» Aim of the exercise:
If you see a picture in the data below, omit it and copy the rest exactly.

» Collected data:
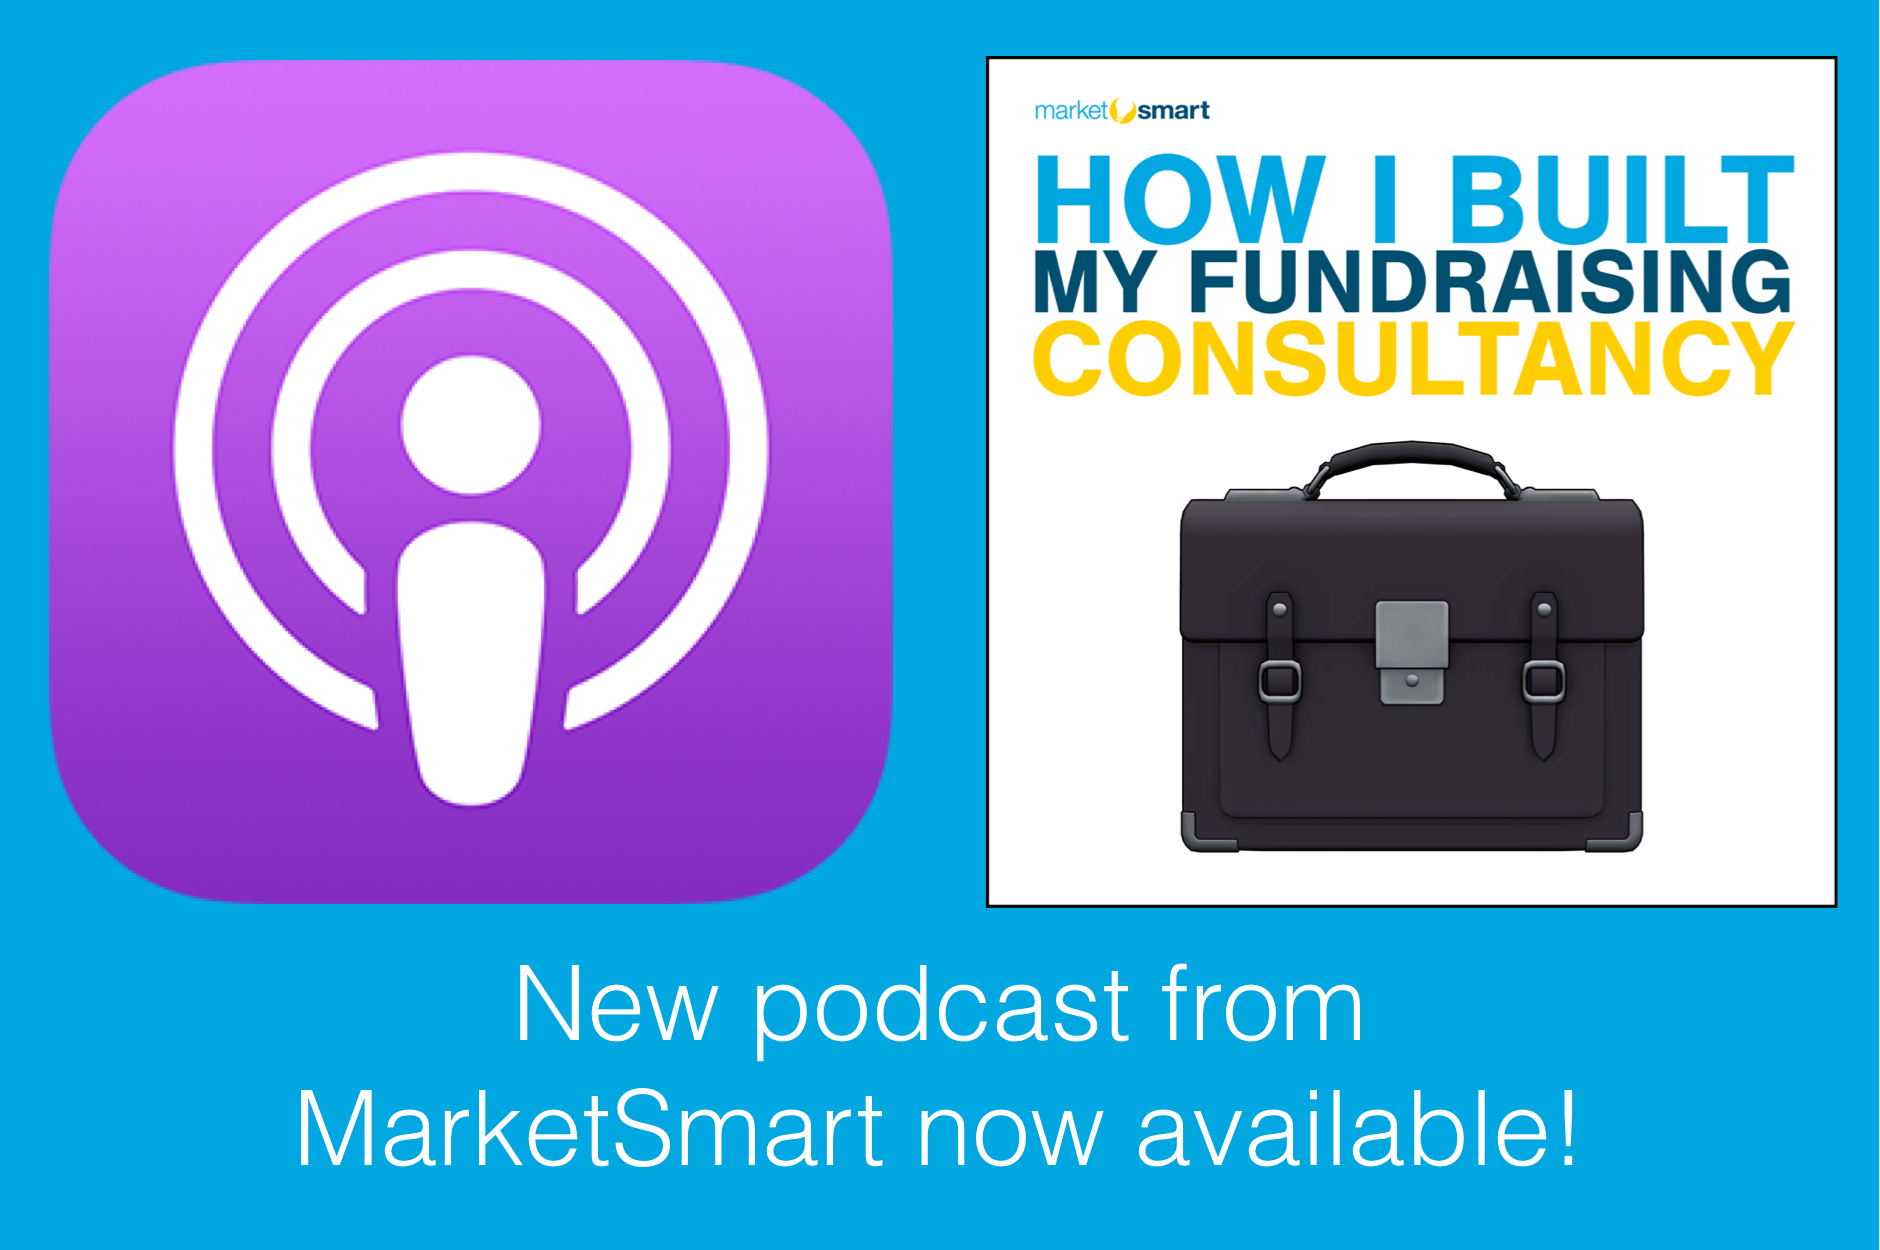 How I Built My Fundraising Consultancy Podcast Now Available!
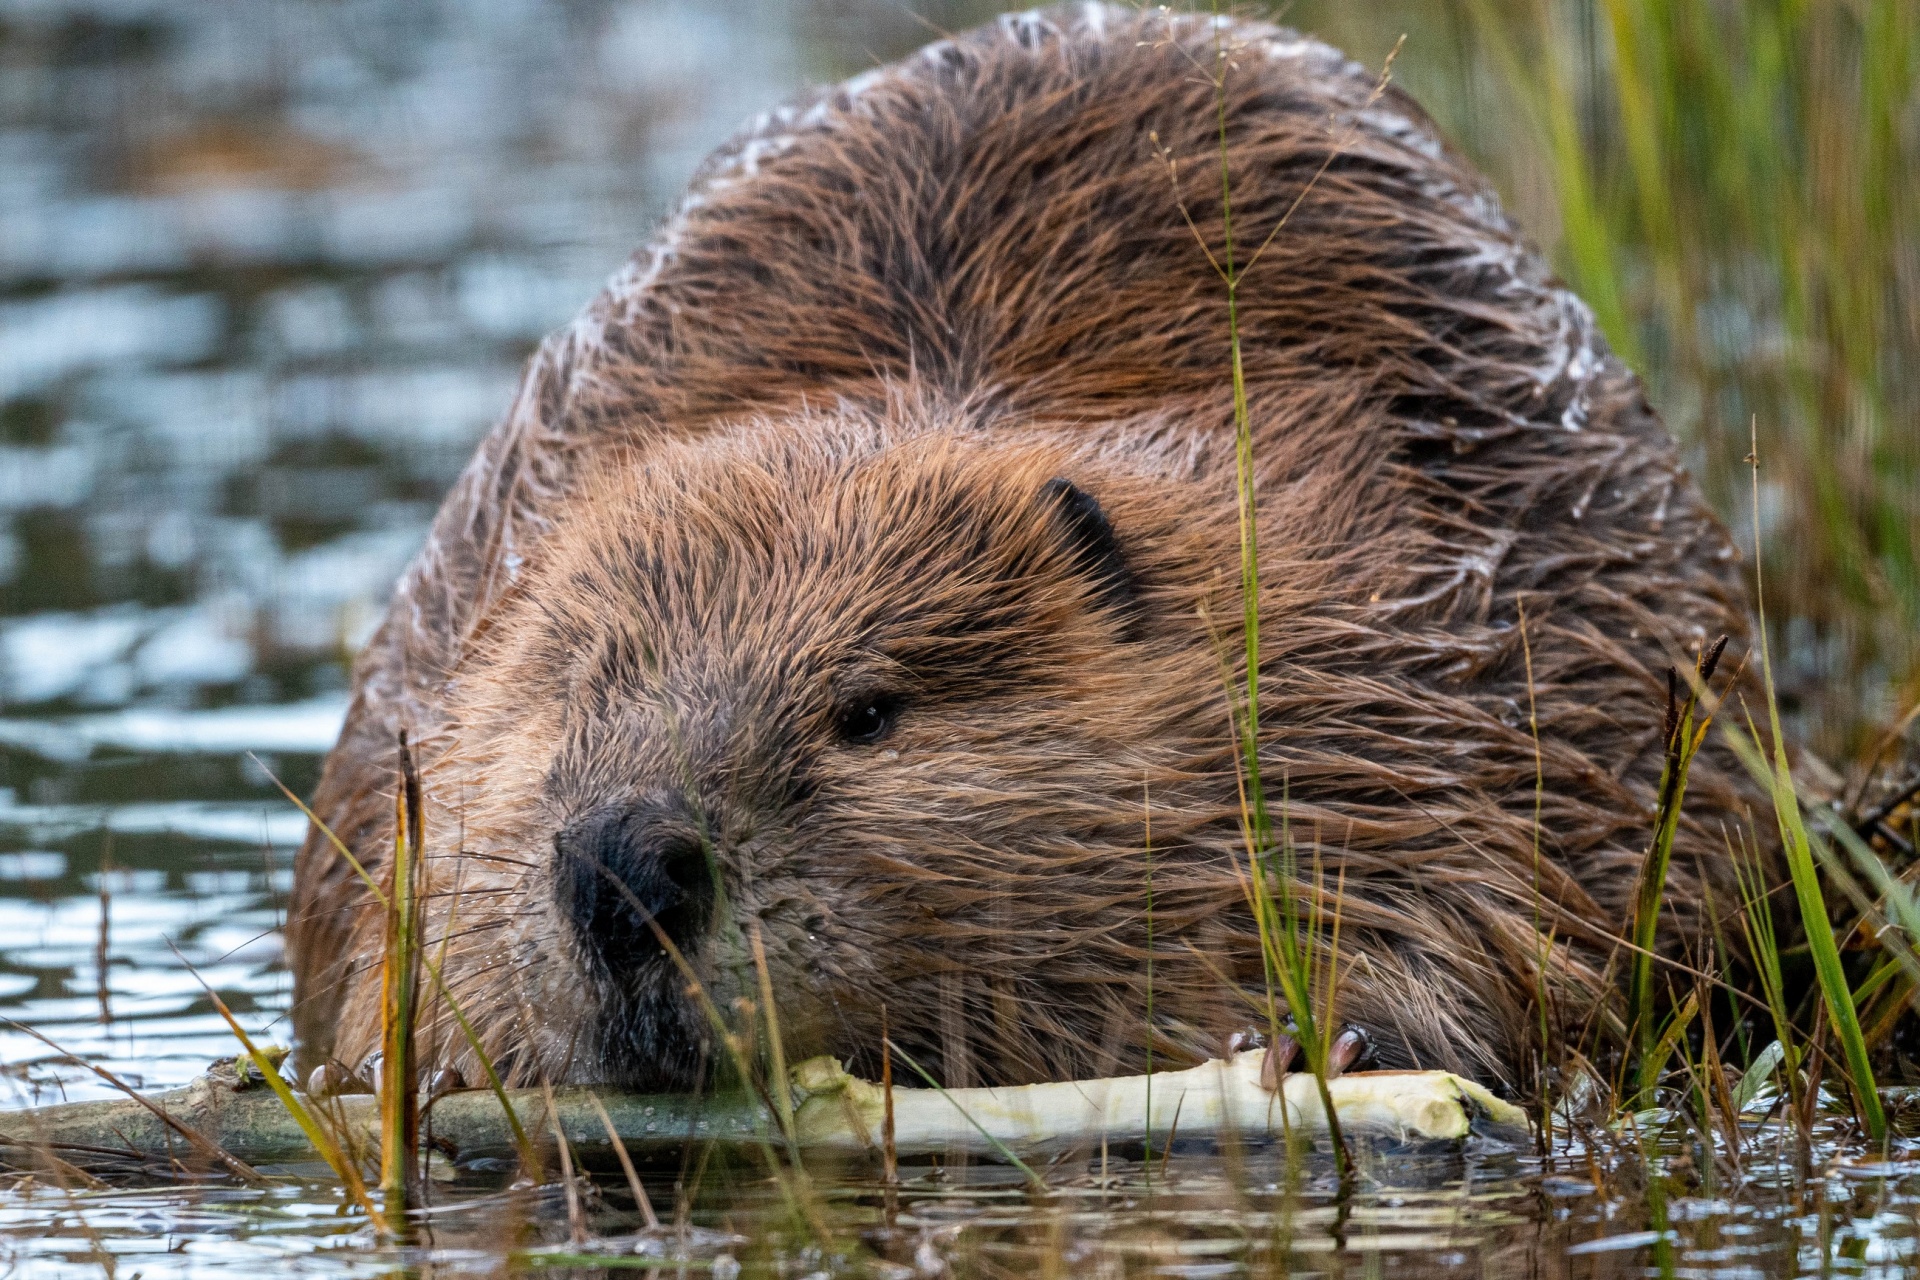 A beaver partially submerged in a pond
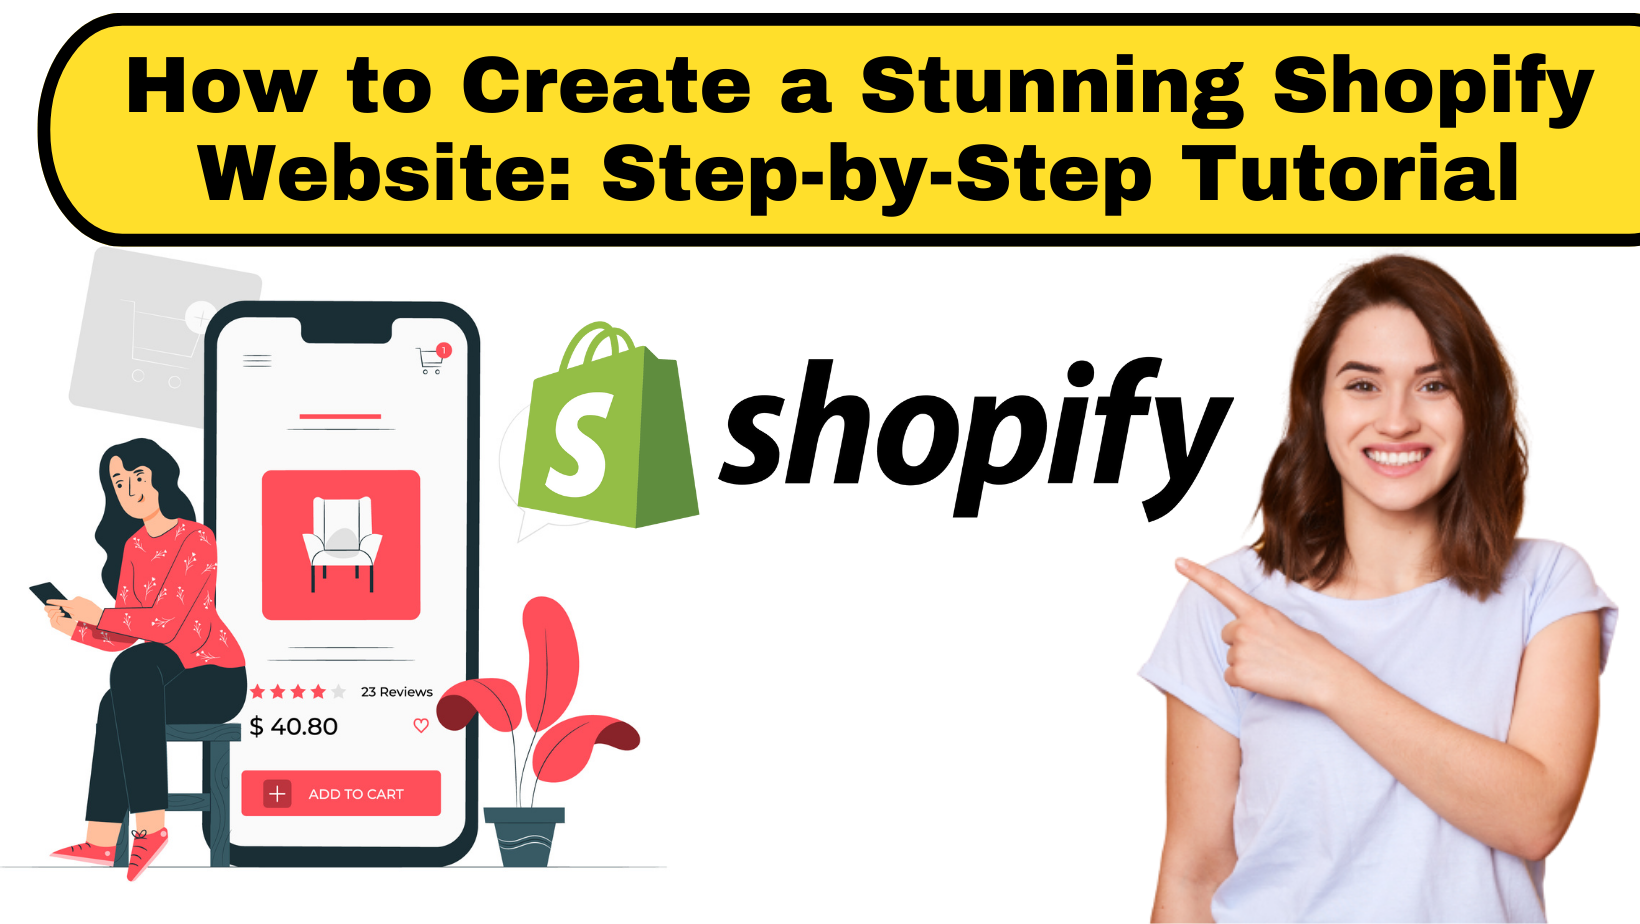  How to Create a Stunning Shopify Website: Step-by-Step Tutorial
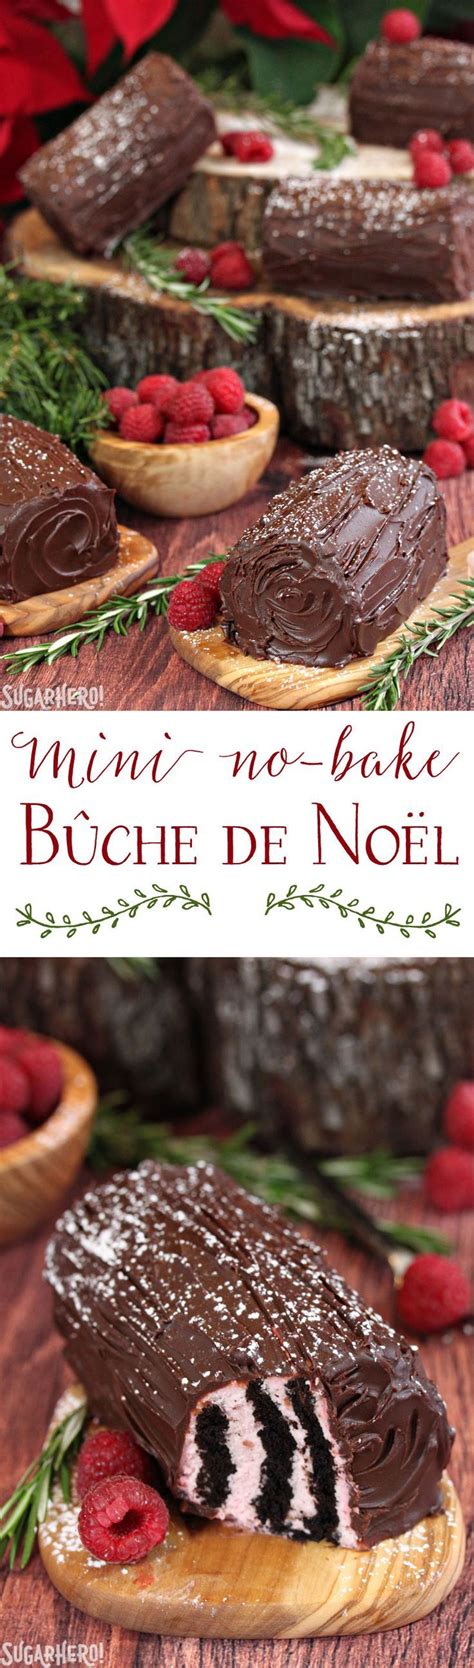 From cheery cupcakes to classic puddings, see the confections that'll have guests coming back for seconds. Mini Buche de Noel | Recipe | Christmas Desserts | Winter desserts, Christmas baking, Dessert ...

» Exercise result:
 How I Built My Fundraising Consultancy Podcast Now Available!
 A beaver partially submerged in a pond
  How to Create a Stunning Shopify Website: Step-by-Step Tutorial
 From cheery cupcakes to classic puddings, see the confections that'll have guests coming back for seconds. Mini Buche de Noel | Recipe | Christmas Desserts | Winter desserts, Christmas baking, Dessert ...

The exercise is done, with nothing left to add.